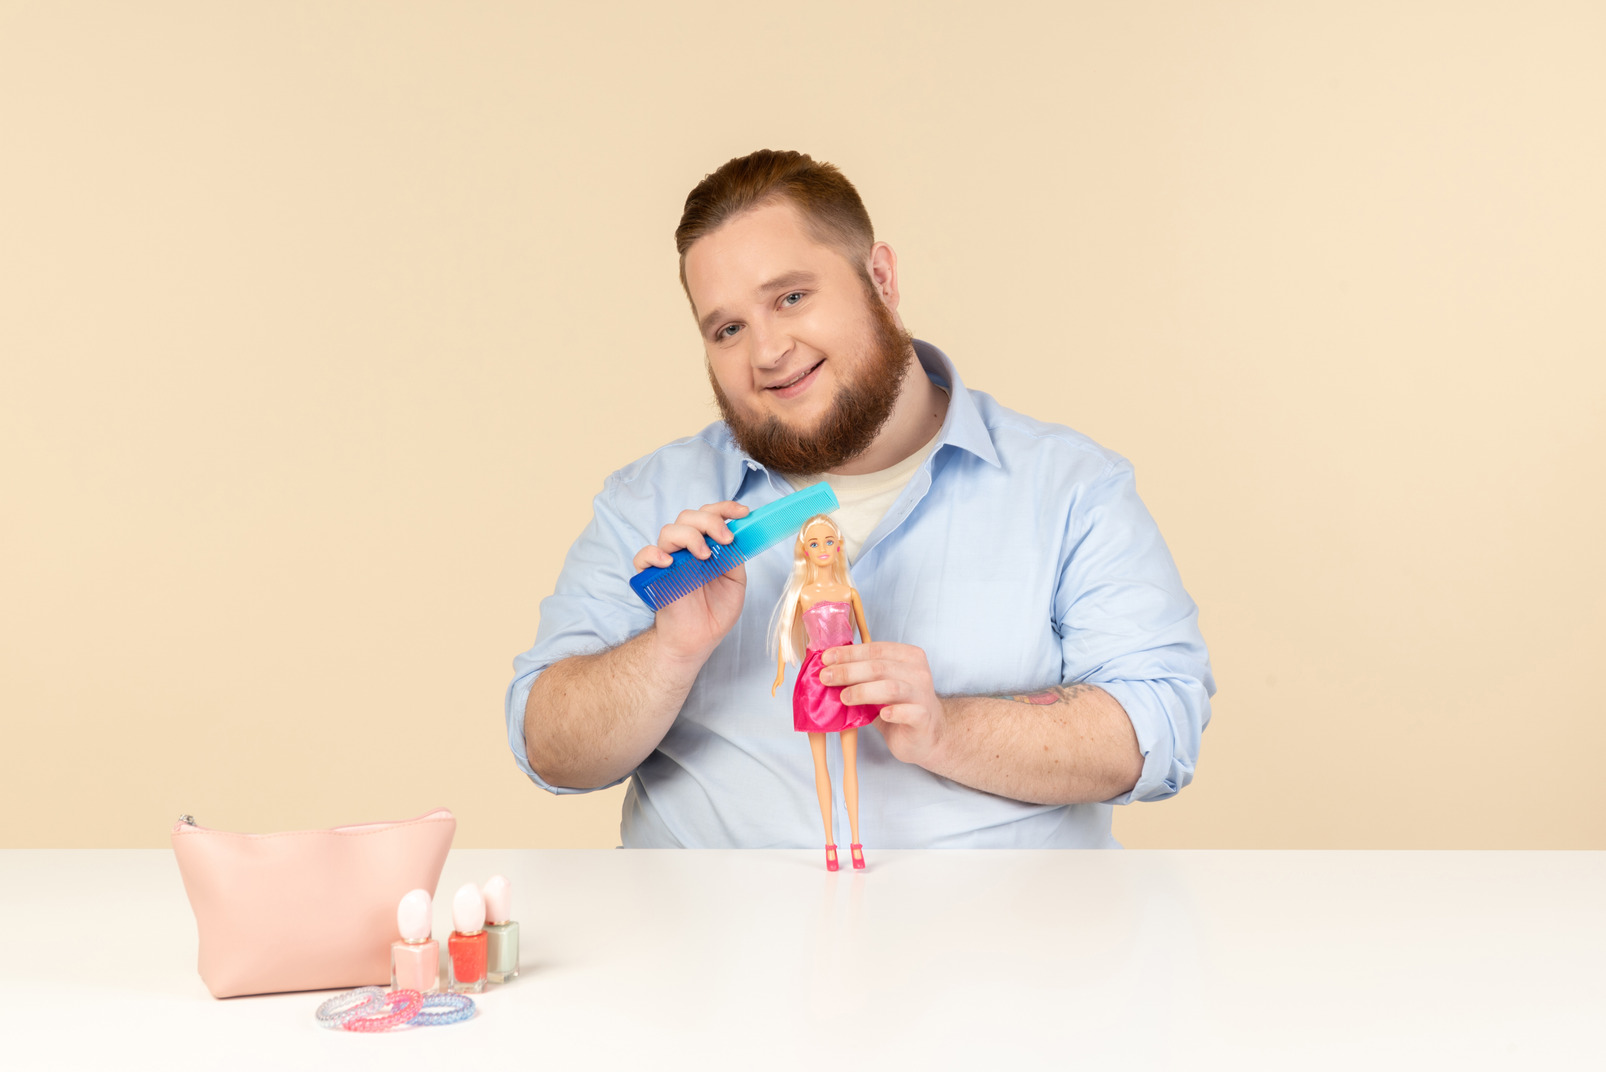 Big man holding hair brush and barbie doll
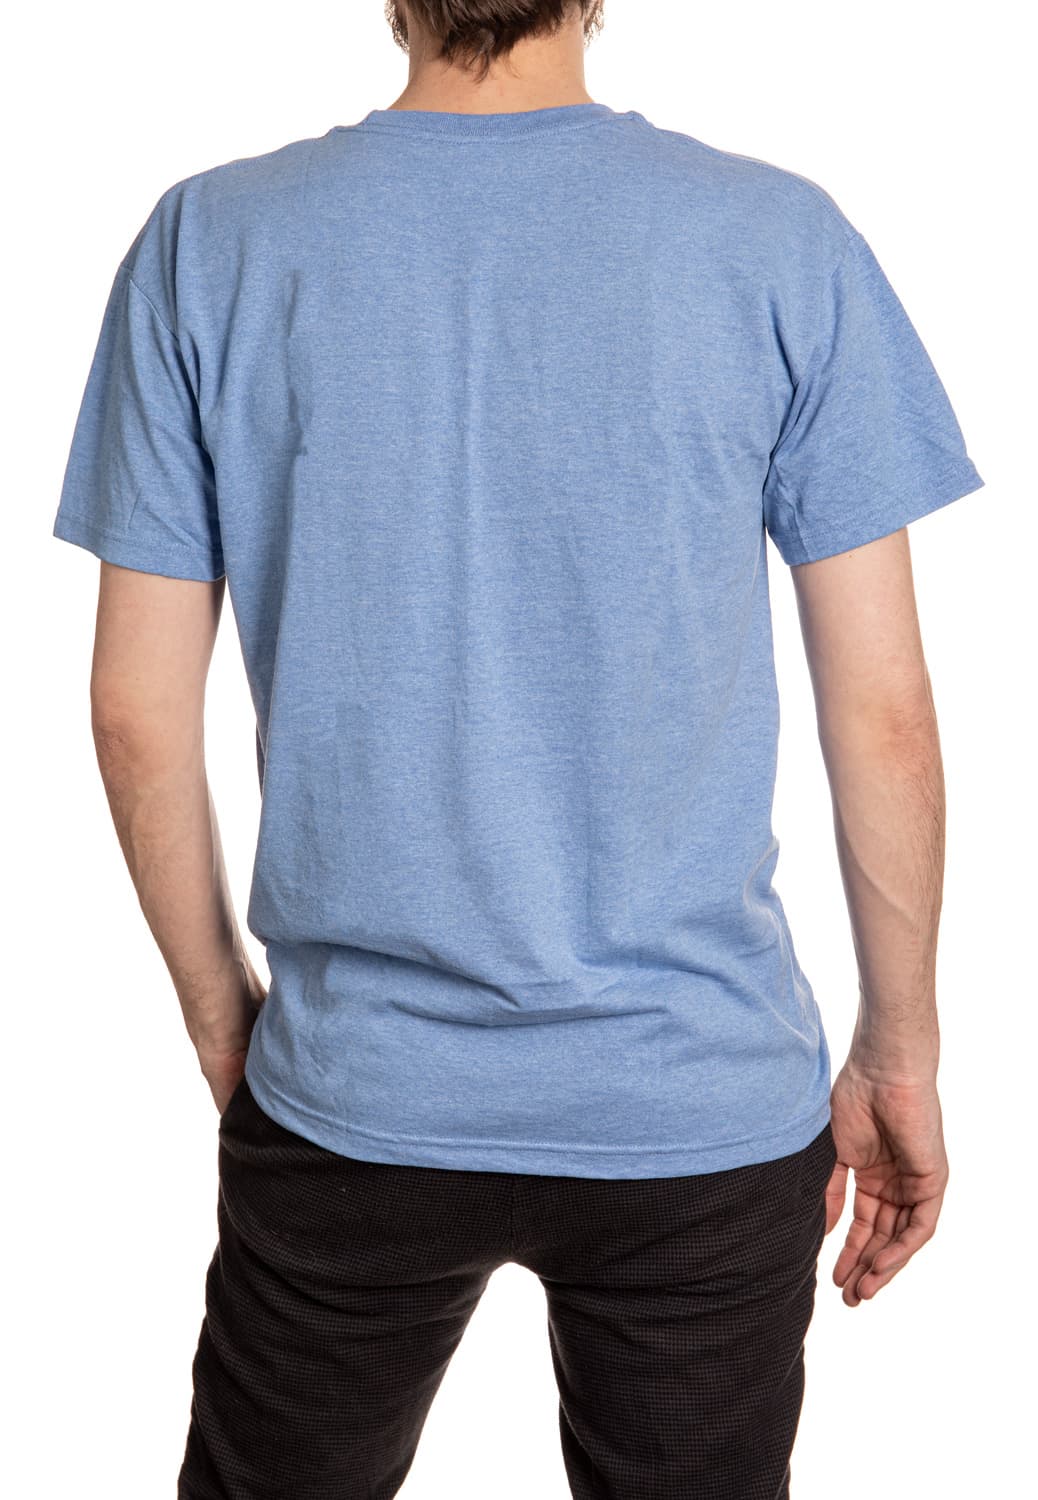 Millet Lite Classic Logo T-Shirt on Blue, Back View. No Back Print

________________________________________

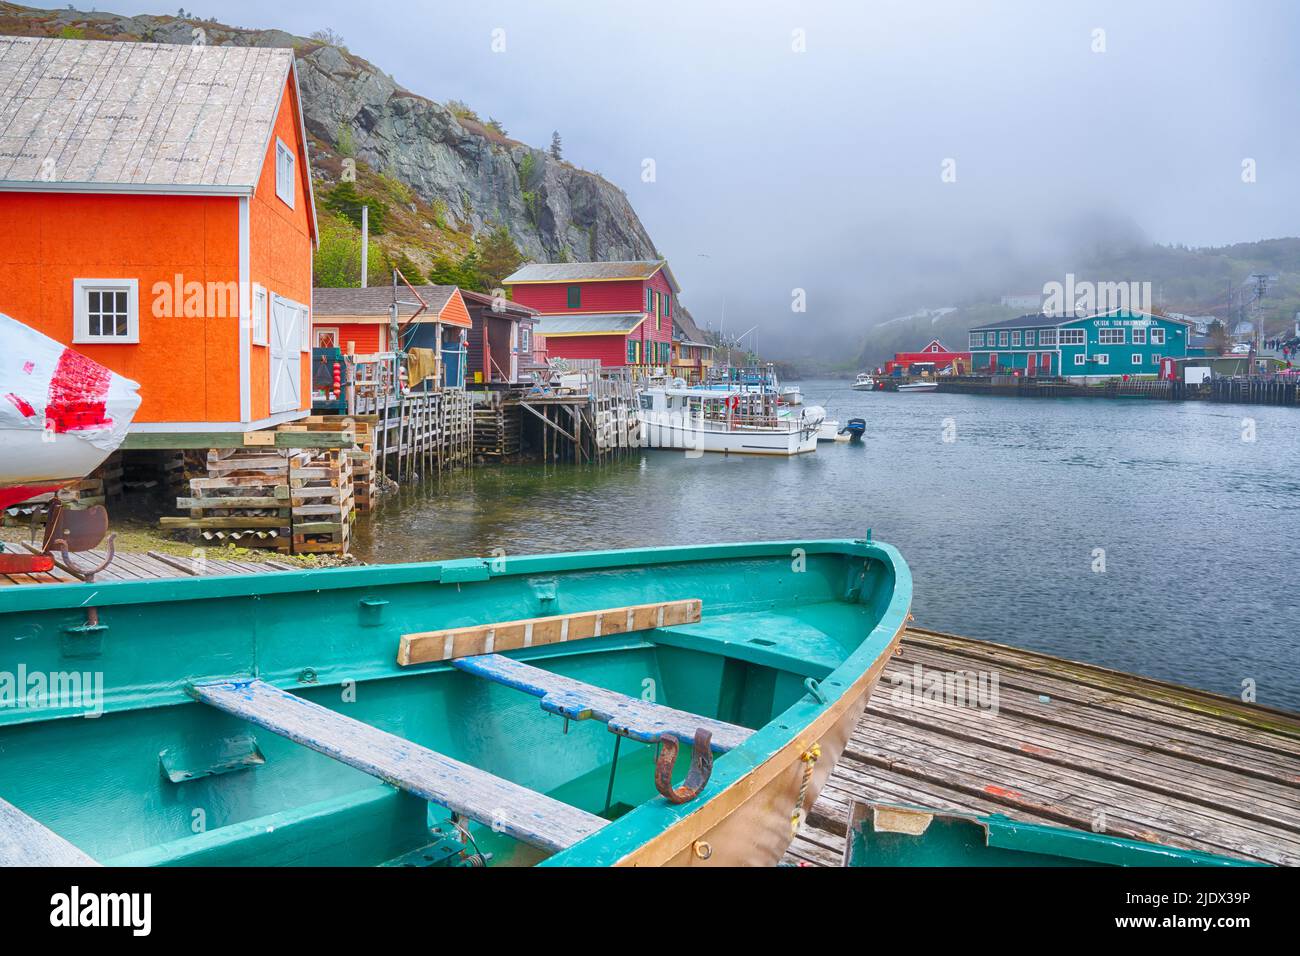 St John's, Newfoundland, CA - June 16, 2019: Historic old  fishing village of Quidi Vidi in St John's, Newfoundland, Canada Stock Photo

________________________________________

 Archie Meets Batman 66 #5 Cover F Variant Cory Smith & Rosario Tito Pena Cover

________________________________________

Would you set down only the lines above from the line with "Big man holding hair brush and barbie doll" to the line with "Millet Lite Classic", both included, exactly as they stand and without the pictures?

Exercise solution.
 Big man holding hair brush and barbie doll
 Millet Lite Classic Logo T-Shirt on Blue, Back View. No Back Print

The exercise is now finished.